Amarma, (Note: There are many variations of Amarma's name across sources, including Amarma, Amer, Amr, Aman, and Mer.) also recorded as Hummay II, (Note: Landeroin (1911) recorded Amarma as Oumé, the same name he used for the earlier mai Hummay. This name is also rendered as Ume, Umme,' and Oume,' depending on the source.) was briefly mai (ruler) of the Kanem–Bornu Empire in the mid-15th century, ruling approximately 1450–1451. (Note: King lists (girgams) and chronicles translated in the 19th–20th centuries agree that Amarma ruled for either one year (Barth, Nachtigal), one year and five months (Landeroin), or two years (Palmer, Urvoy). Due to differing dates and calculations for other mais, various dates have been given for his reign, including 1456 (Barth), 1450–1452 (Palmer), 1451–1453 (Urvoy), 1423–1424 (Landeroin), and 1451–1452 (Nachtigal). Cohen (1966) considered a reign of one year to be most likely. Lange (1984) dated Amarma's reign to 1444–1445, Stewart (1989) dated it to 1456, and Bosworth (2012) dated it to 1450–1451.) Possibly a usurper, Amarma ruled during the "Era of Instability", a chaotic period of internal and external conflict in the empire.

== Life ==
Amarma was the son of Aisa, daughter of mai Uthman. It is not clear which Uthman is meant in the sources, as several mais bore this name (Uthman I, Uthman II, Uthman III Kalinumuwa and Biri III Uthman). Lange (1984) suggested Biri III Uthman as the most likely candidate. Some sources state that it was Amarma's father (and not grandfather) who was named Uthman, presumably a mistake. (Note: Barth (1857) and Palmer (1936) did not name Amarma's father and named his mother as Aisa, daughter of Uthman. Nachtigal (1881), Landeroin (1911), and Urvoy (1941) named Amarma's father as Uthman. Urvoy also named his mother as Aisa, whereas Nachtigal and Landeroin did not include the names of the mothers of the mais in their lists.)

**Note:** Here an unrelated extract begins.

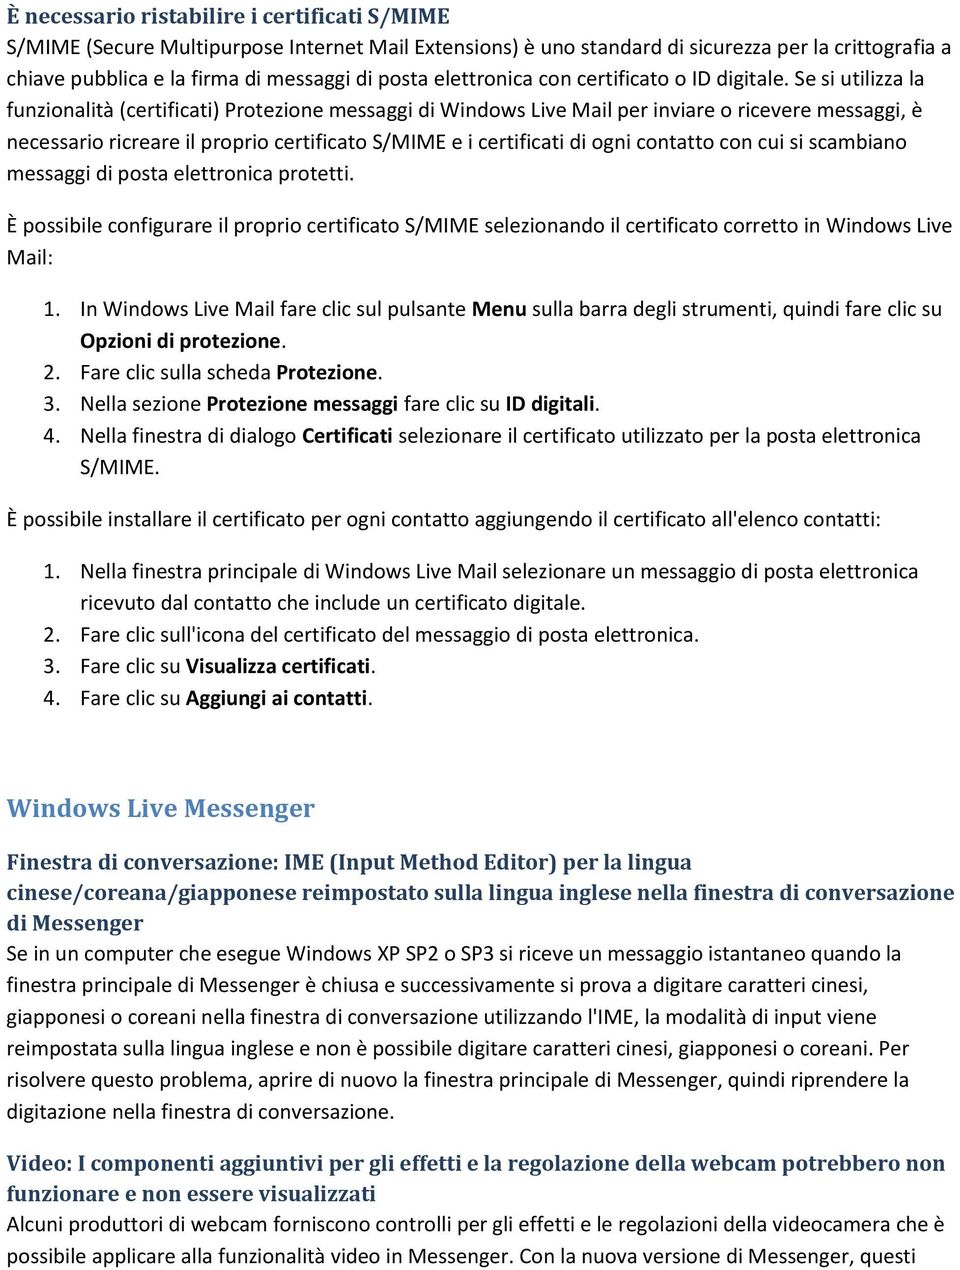 Se si utilizza la funzionalità (certificati) Protezione messaggi di Windows Live Mail per inviare o ricevere messaggi, è necessario ricreare il proprio certificato S/MIME e i certificati di ogni

As the grandson of a monarch, Amarma bore the title of maidu. A maidu could advance to become a maina if their father became king, and therefore also become a possible successor to the throne. In the case of Amarma, this should have been impossible since he was maidu only through a female line. Amarma nevertheless succeeded Muhammad III as mai in the mid-15th century. Cohen (1966) proposed that Amarma usurped the throne whereas Lange (1984) opposed designating him as a usurper due to the limited evidence. Amarma ruled briefly, only one or two years, before dying at a site recorded as Tármata or Yarimiya (Yamia). He was succeeded as mai by Muhammad IV.